Par un jugement n° 2401799 du 23 octobre 2024, le tribunal administratif de Châlons-en-Champagne a rejeté sa demande.
Procédure devant la cour :
Par une requête, enregistrée le 8 novembre 2024, M. A…, représenté par Me Lombardi, demande à la cour :
1°) d’annuler ce jugement du tribunal administratif de Châlons-en-Champagne du 23 octobre 2024 ;
2°) d’annuler la décision de la préfète de l’Aube du 28 juin 2024 ;
3°) d’enjoindre à la préfète de l’Aube de lui délivrer un titre de séjour ;
4°) de mettre à la charge de l’Etat une somme de 1 200 euros à verser à son conseil sur le fondement de l’article 37 de la loi du 10 juillet 1991.
Il soutient que :
S’agissant de la décision portant refus de renouvellement de titre de séjour :
- elle est contraire à l’article L. 425-9 du code de l’entrée et du séjour des étrangers et du droit d’asile dès lors que la préfète de l’Aube n’était pas liée par l’avis défavorable de l’Office français de l’immigration et de l’intégration (OFII) et que l’accès aux soins n’est pas assuré au Pakistan ;
- elle est contraire à l’article L. 432-23 du code de l’entrée et du séjour des étrangers et du droit d’asile dès lors qu’il séjourne en France depuis 1994, que plusieurs membres de sa famille y résident également et qu’il y a exercé une activité professionnelle jusqu’en novembre 2023.
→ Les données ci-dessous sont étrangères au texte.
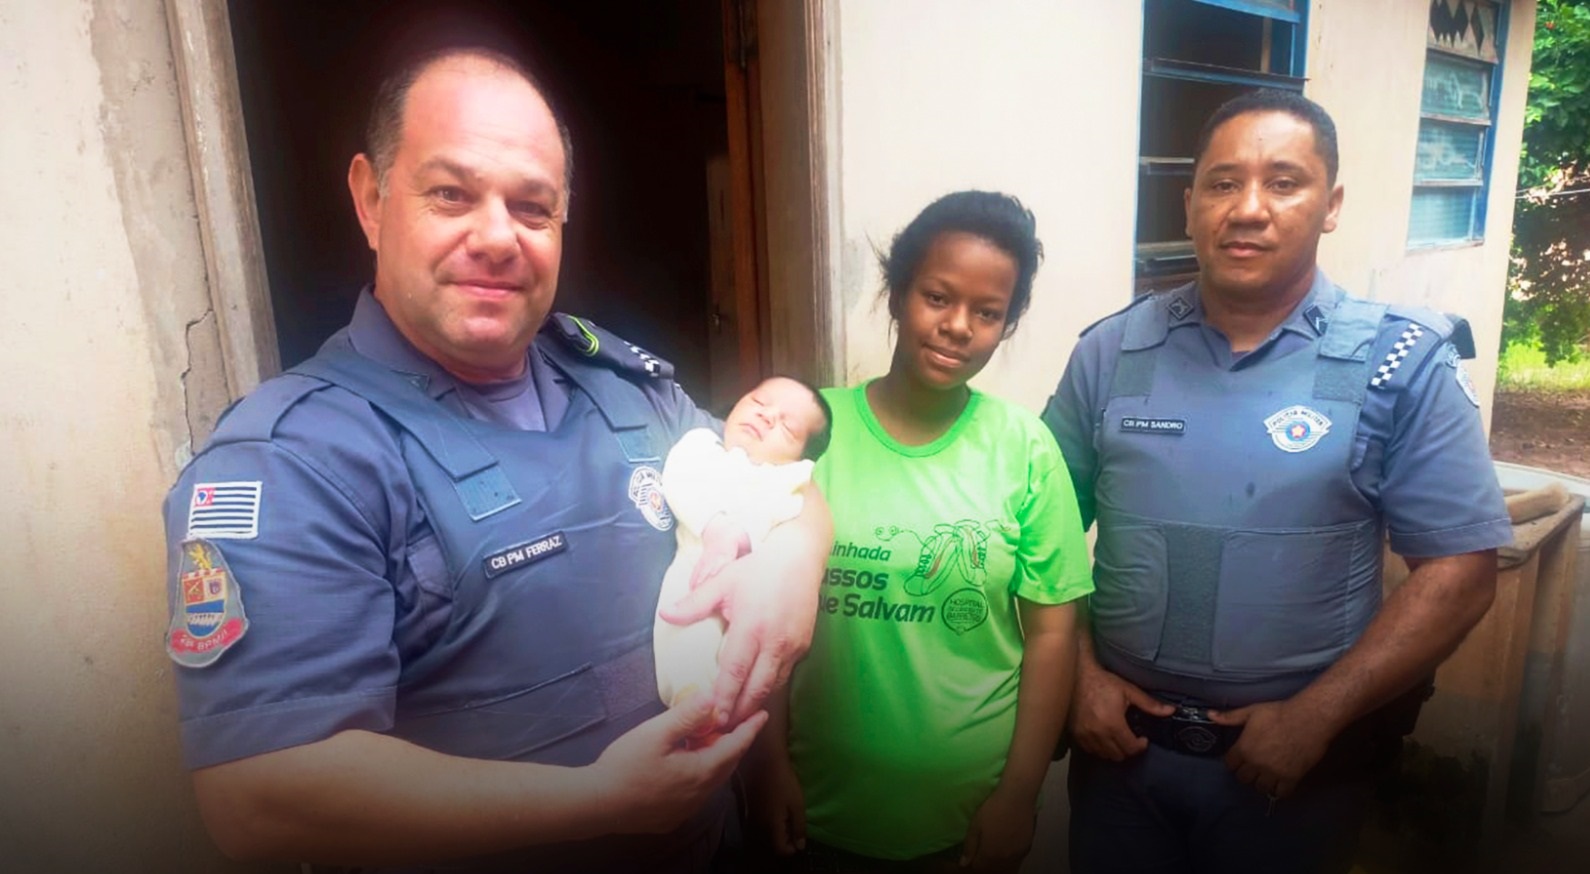 Policiais Militares realizam manobra de reanimação e salvam recém-nascido em Mirandópolis

S’agissant de la décision portant obligation de quitter le territoire :
- elle est contraire aux dispositions de l’article L. 611-3 du code de l’entrée et du séjour des étrangers et du droit d’asile ;
- elle est contraire aux stipulations de l’article 8 de la convention européenne de sauvegarde des droits de l’homme et des libertés fondamentales.
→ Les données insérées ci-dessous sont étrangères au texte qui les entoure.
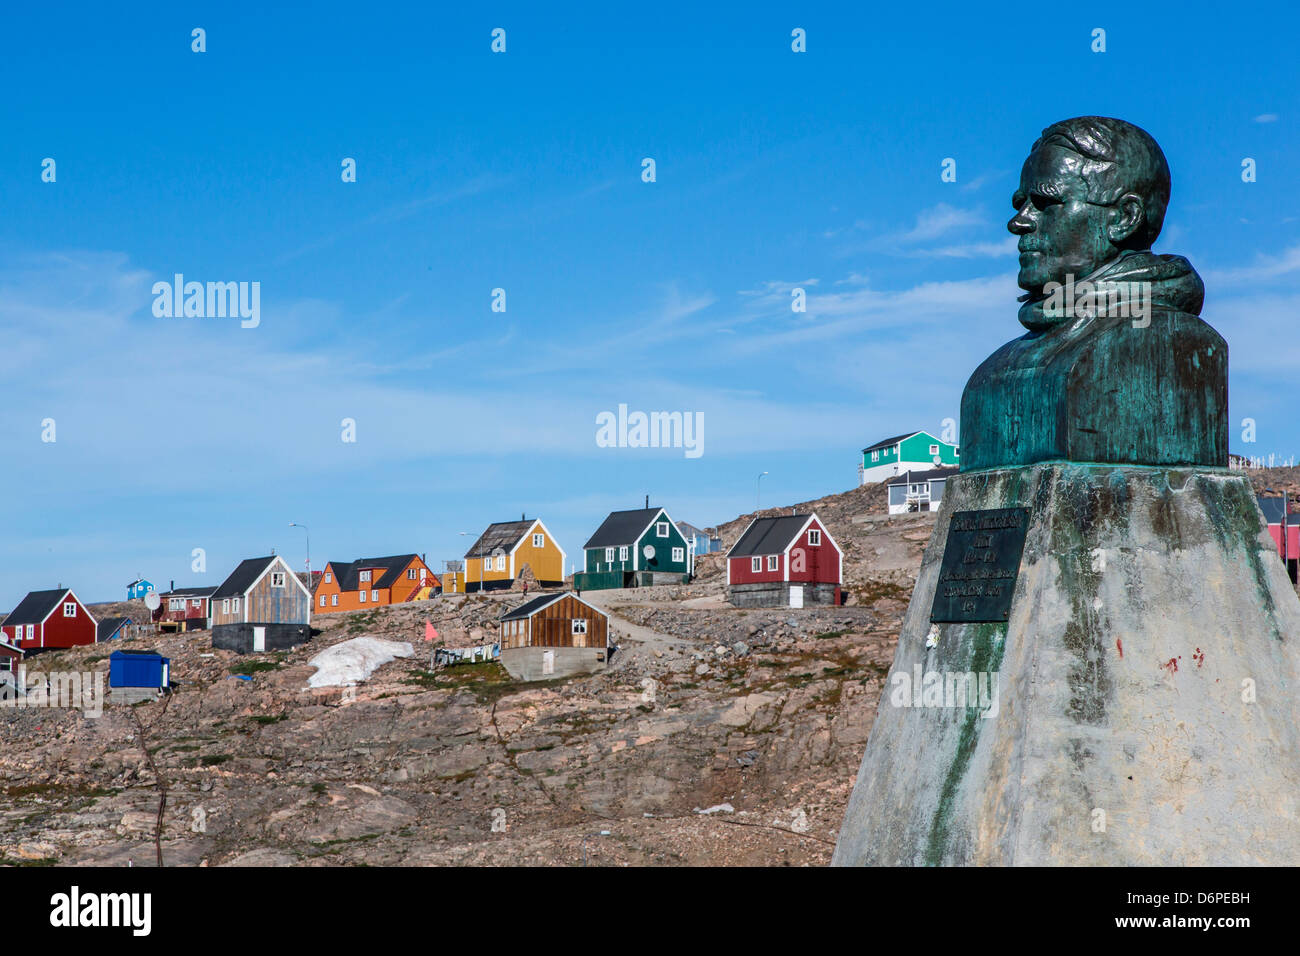 Village inuit et Ejnar Mikkelsen, Ittoqqortoormiit Scoresbysund, statue, au nord-est du Groenland, les régions polaires Banque D'Images

La requête a été communiquée à la préfète de l’Aube, qui n’a pas produit de mémoire en défense.
M. A… a été admis au bénéfice de l’aide juridictionnelle totale par une décision en date du 21 novembre 2024.
Vu les autres pièces du dossier.
Vu :
- la convention européenne de sauvegarde des droits de l’homme et des libertés fondamentales ;
- le code de l’entrée et du séjour des étrangers et du droit d’asile ;
- la loi n° 91-647 du 10 juillet 1991 ;
- le code de justice administrative.
Le président de la formation de jugement a dispensé la rapporteure publique, sur sa proposition, de prononcer des conclusions à l’audience.
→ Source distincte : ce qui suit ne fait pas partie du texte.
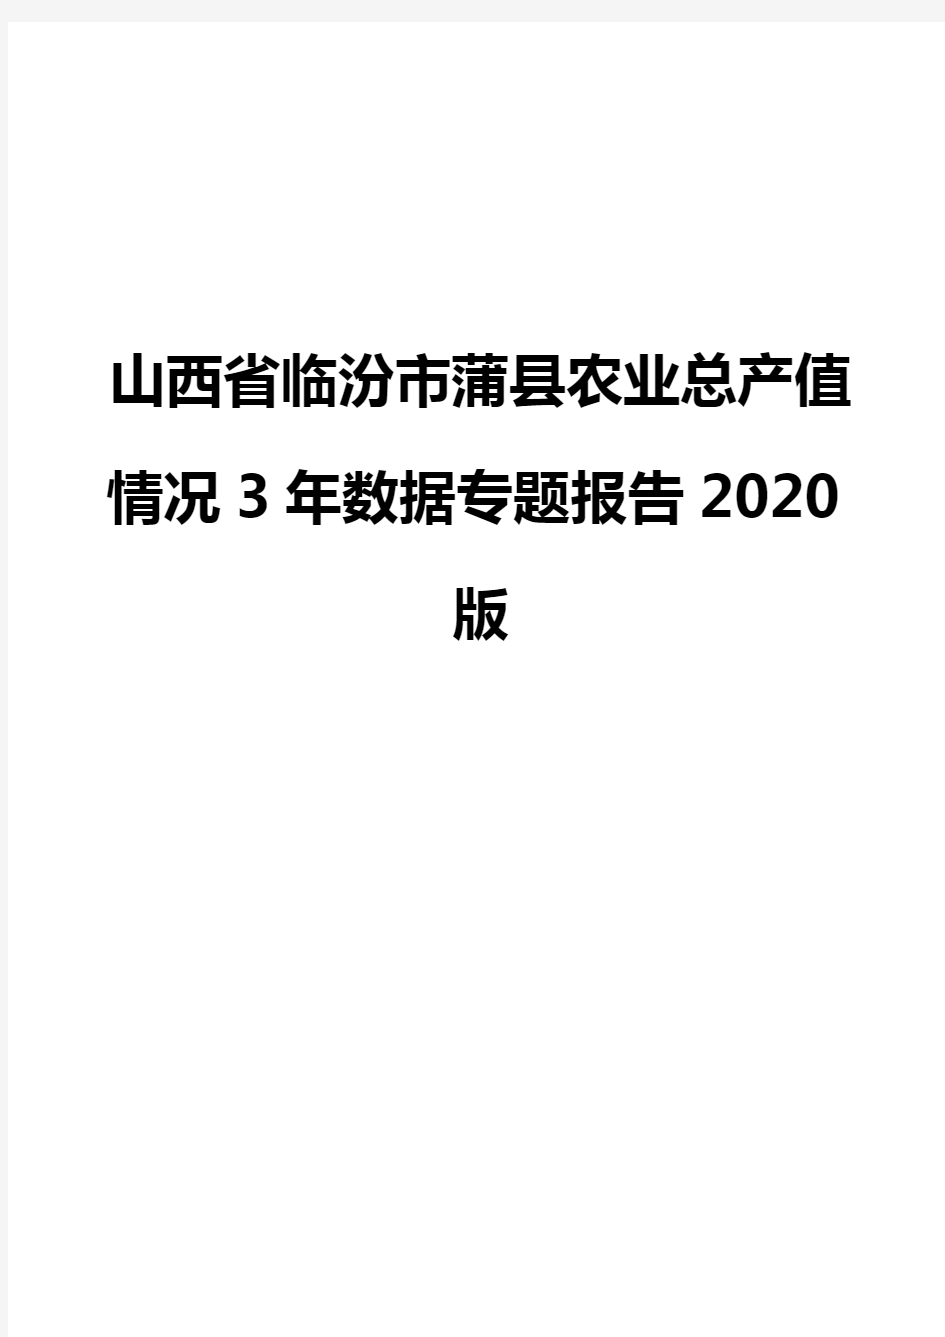 山西省临汾市蒲县农业总产值情况3年数据专题报告2020版

Les parties ont été régulièrement averties du jour de l’audience.
Le rapport de M. Barlerin a été entendu au cours de l’audience publique.
Considérant ce qui suit :
1. M. B… A…, né le 11 novembre 1964 à Islamabad, de nationalité pakistanaise, est entré irrégulièrement sur le territoire français, en 1994 selon ses déclarations. Il a déposé une demande de titre de séjour en qualité d’étranger malade en décembre 2019 et, le 7 avril 2020, il lui a été délivré un titre de séjour d’une durée d’un an, régulièrement renouvelé jusqu’au 25 avril 2023. Le 28 février 2023, M. A… a sollicité le renouvellement de ce titre de séjour. Par un arrêté en date du 28 juin 2024, la préfète de l’Aube a refusé de faire droit à cette demande de renouvellement, l’a obligé à quitter le territoire français dans un délai de trente jours et a fixé le pays à destination duquel il serait susceptible d’être éloigné en cas d’exécution contrainte. M. A… relève appel du jugement en date du 23 octobre 2024 par lequel le tribunal administratif de Châlons-en-Champagne a rejeté sa demande d’annulation de cet arrêté.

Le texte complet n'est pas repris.